Foula Airfield is an airfield located on the remote island of Foula, part of the Shetland Islands in the north of Scotland.

== History ==
The airstrip opened in the 1970s and is run by the Foula Airstrip Trust, Scottish charity number SC021728. Foula is also served by a ferry service running three times a week but many tourists prefer the short flight to the 135 min crossing. Also, the ferry is based on Foula, so a day trip to the island is possible only by air. The flights are used to transport essentials, such as medical prescriptions, to the island, which has a population of 38.

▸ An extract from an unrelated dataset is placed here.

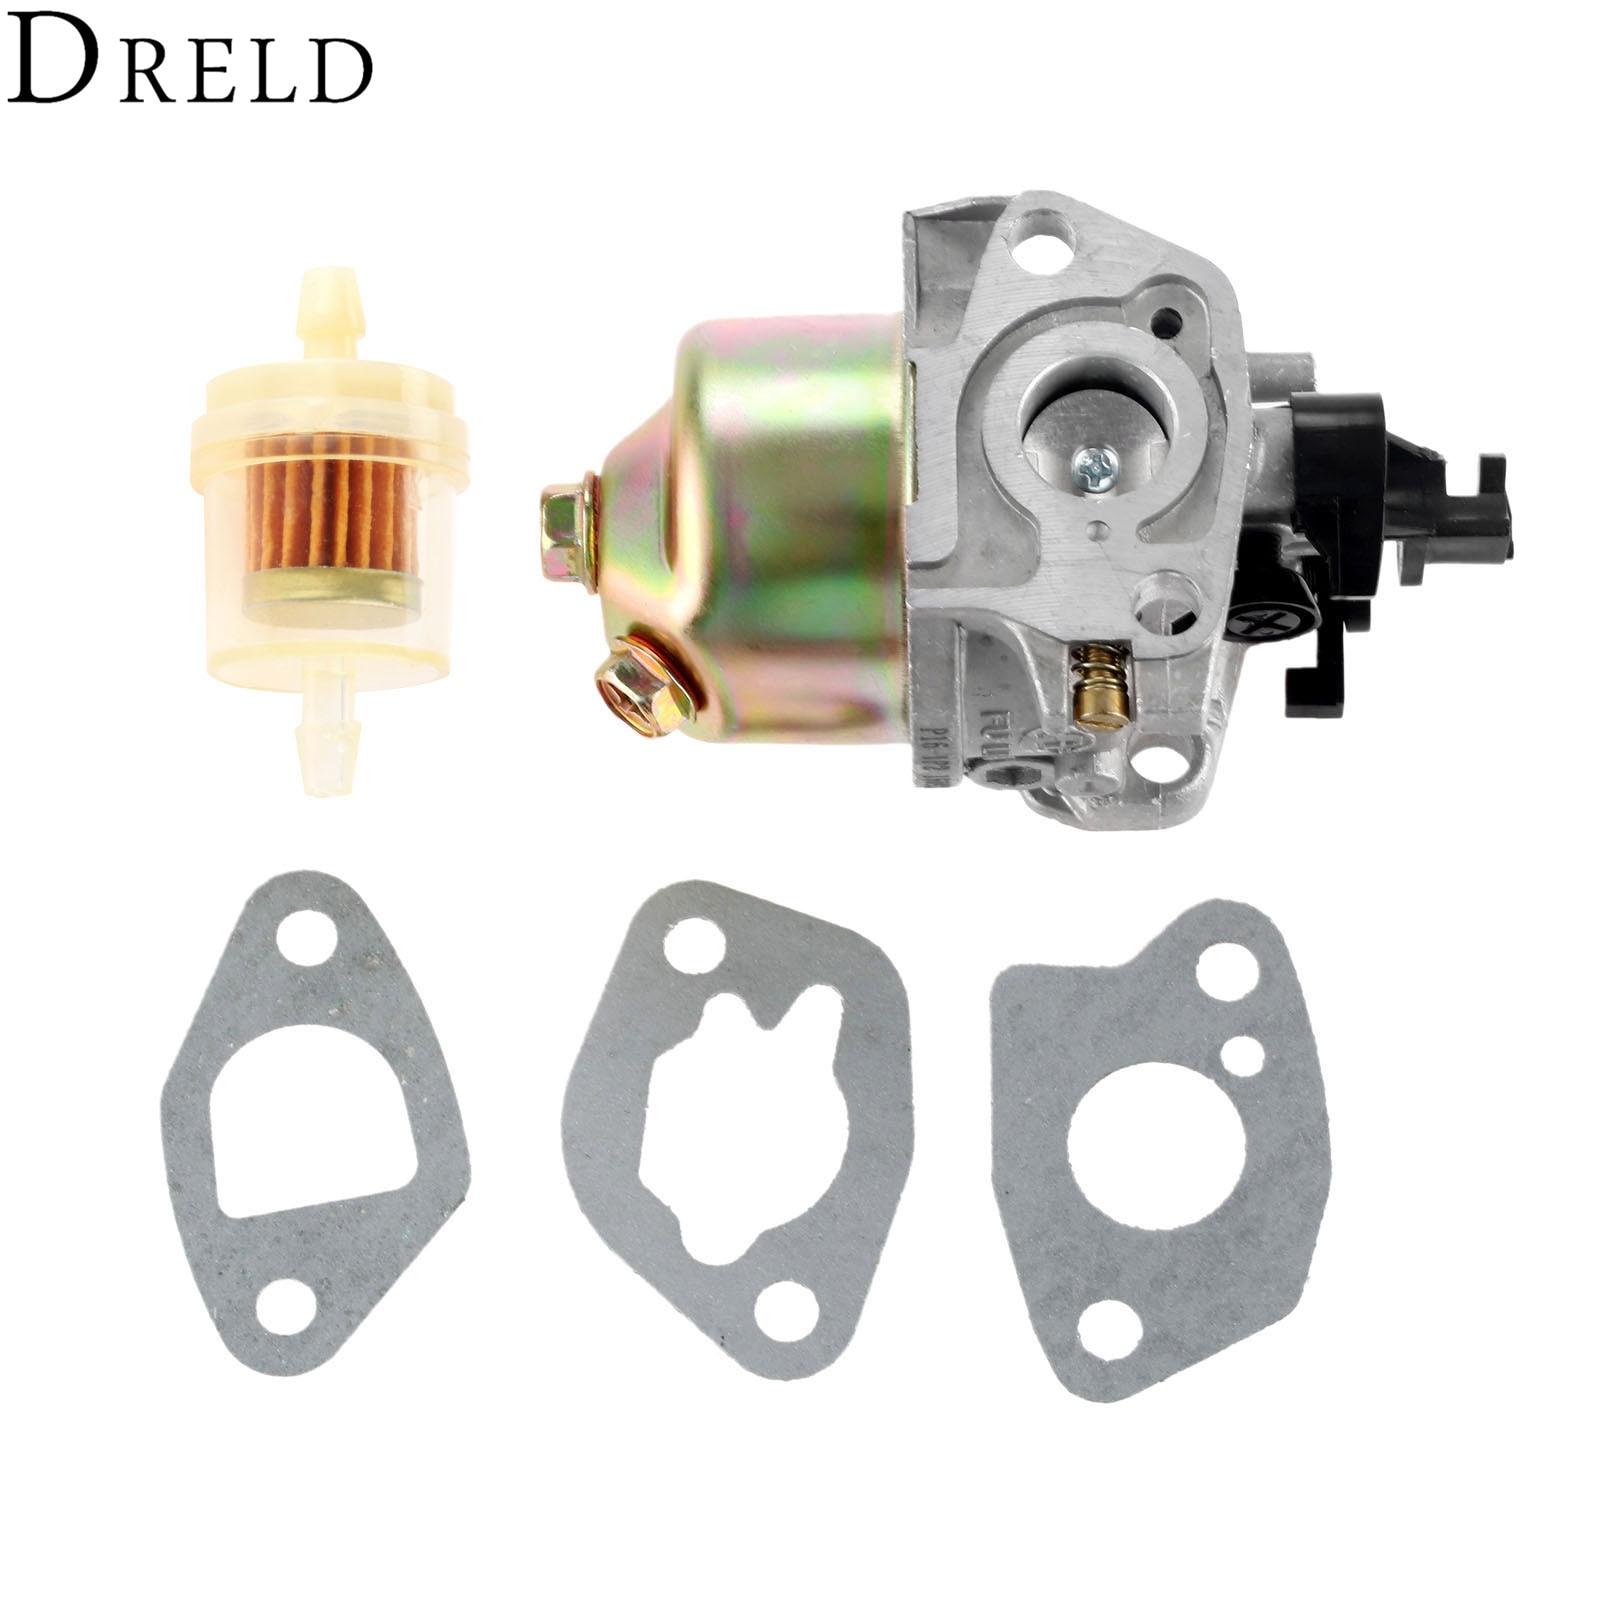 dreld carburetor with carburetor gasket fuel filter for mtd cub cadet troy bilt lawn mower [ 1600 x 1600 Pixel ]

The airfield also provides the island's only public toilet and telephone.

== Airline and destination ==

Foula is served by a PSO service from Tingwall Airport run by Airtask Group and funded by Shetland Islands Council. The service uses a Britten Norman Islander aircraft and runs 7 times a week in winter and 13 times a week in summer, with a flying time of 15 minutes. Flights are heavily weather dependent due to fog and crosswind.

| Airlines | Destinations |
|---|---|
| Directflight | Lerwick |

== Accidents and incidents ==
In June 2014 flights were suspended as it was believed that the airfield's insurance was not suitable following the closure of the island's fire station in 2012. Flights have since resumed.